3. Application of V2G

The charging demand of EVs will increase the peak load of the power grid [25], and their large-scale uncoordinated charging will put enormous pressure on the power supply, thus affecting the safety and stability of the whole power system. To solve this problem, it is necessary to optimize the charging of large EVs [26]. From a technical point of view, the V2G scheme is an important transformation path [27]. In V2G, the aggregated power from a group of EVs can be used to support the grid by providing regulation services (to stabilize voltage and frequency) or reserve services (to meet sudden increases in demand or generator set outages).
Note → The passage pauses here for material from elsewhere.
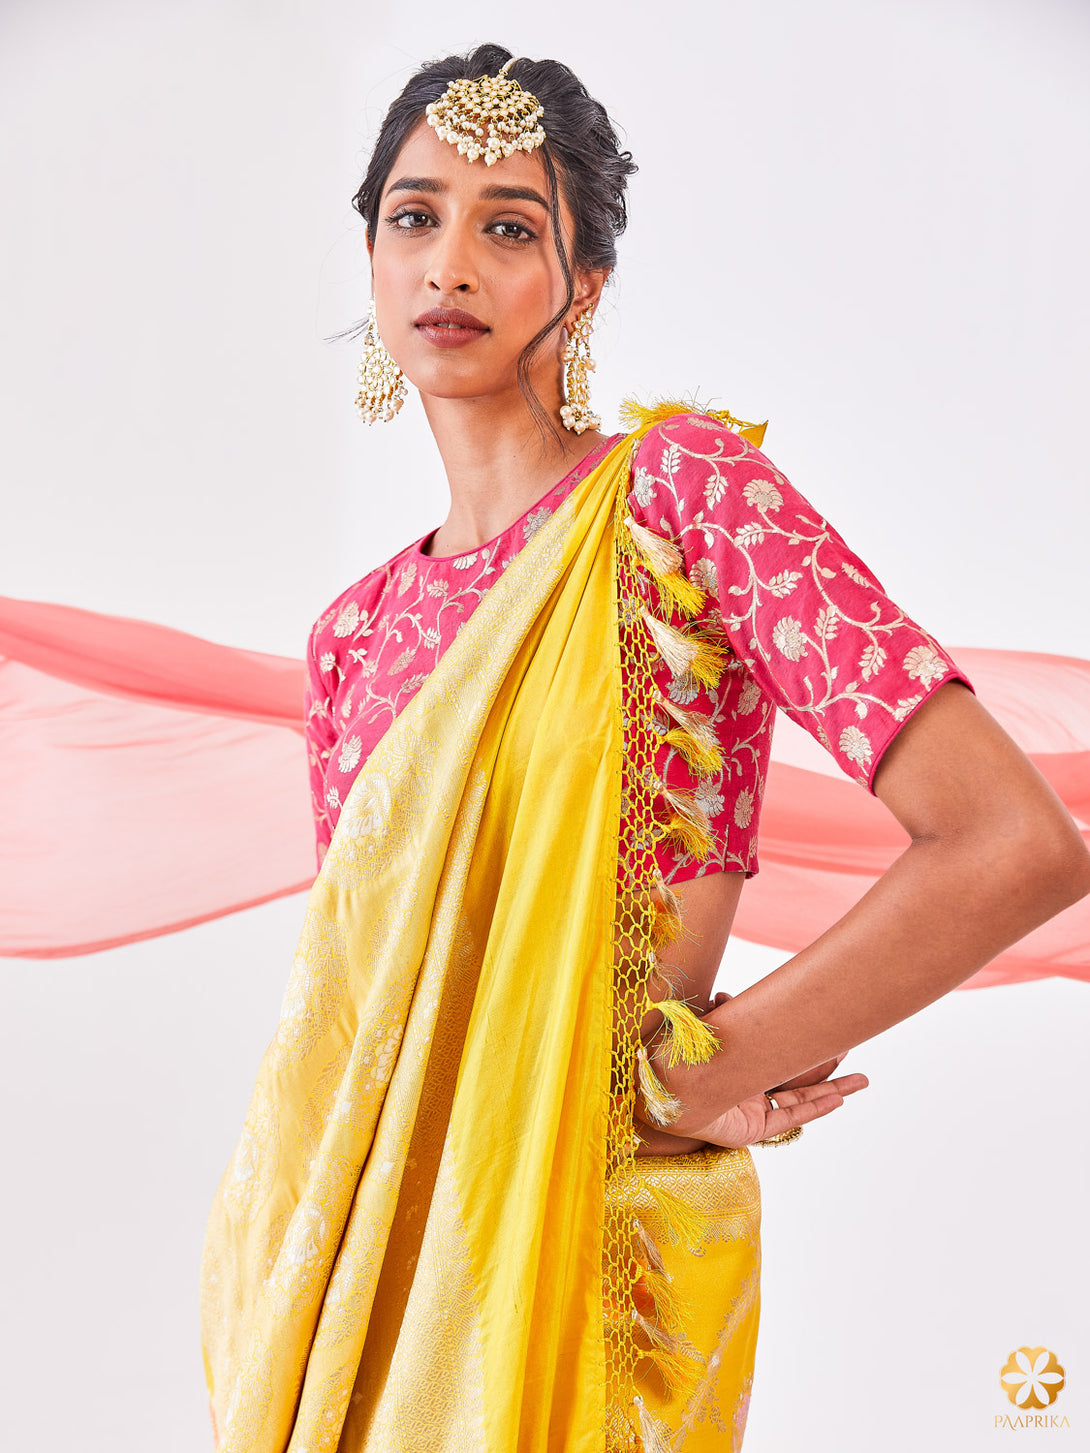 Beautiful Drape of Luxurious Pastel Yellow Banarasi Saree - Timeless Beauty and Elegance.
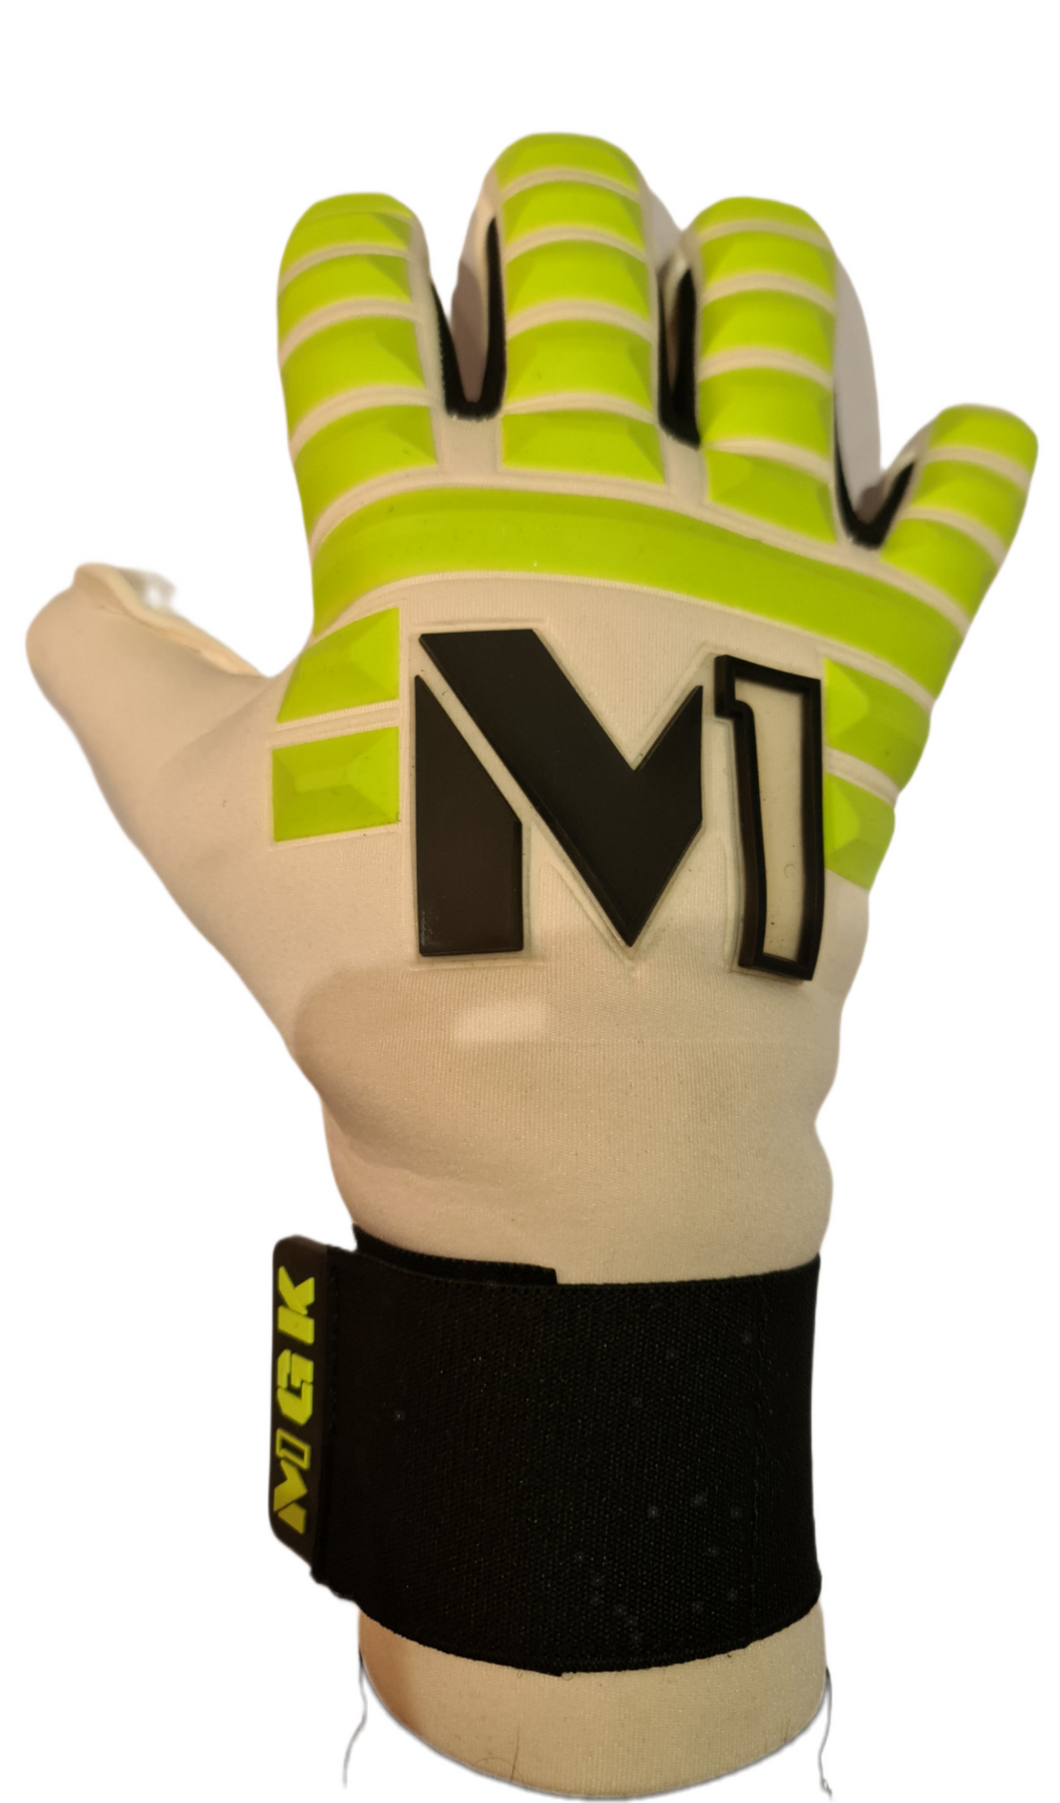 M1 Viper White/Yellow/Black Goalkeeper Gloves

V2G modes can be divided into bidirectional V2G and unidirectional V2G. Bidirectional V2G means that while conventional charging piles supply power to the car, the EV power battery is also regarded as a decentralized energy storage unit of the power system. Reasonable utilization of EVs’ battery energy to achieve reverse power supply will alleviate the load shock of the grid. Thus, the EV is not only a movable load, but also a distributed energy source. This mode can be used to provide services such as frequency regulation or peak shaving of power grids [12]. However, due to technical and cost problems, it has not been possible to promote it on a large scale for the time being.

Unidirectional V2G is used to guide EVs to coordinated charging by cooperating with the grid operation rules. There are no reserve services. What’s more, the unidirectional V2G services can help consume the abundant renewable energy sources, such as solar and wind energy, by the coordinated charging strategy [28]. Unidirectional V2G can reduce power consumption during peak hours, improve power utilization during valley hours, and alleviate the impact of random charging demand on the grid [5]. Although the unidirectional V2G services still face some obstacles, solutions have been in process. Additionally, unidirectional V2G would build a solid foundation to implement bidirectional V2G in the future [28].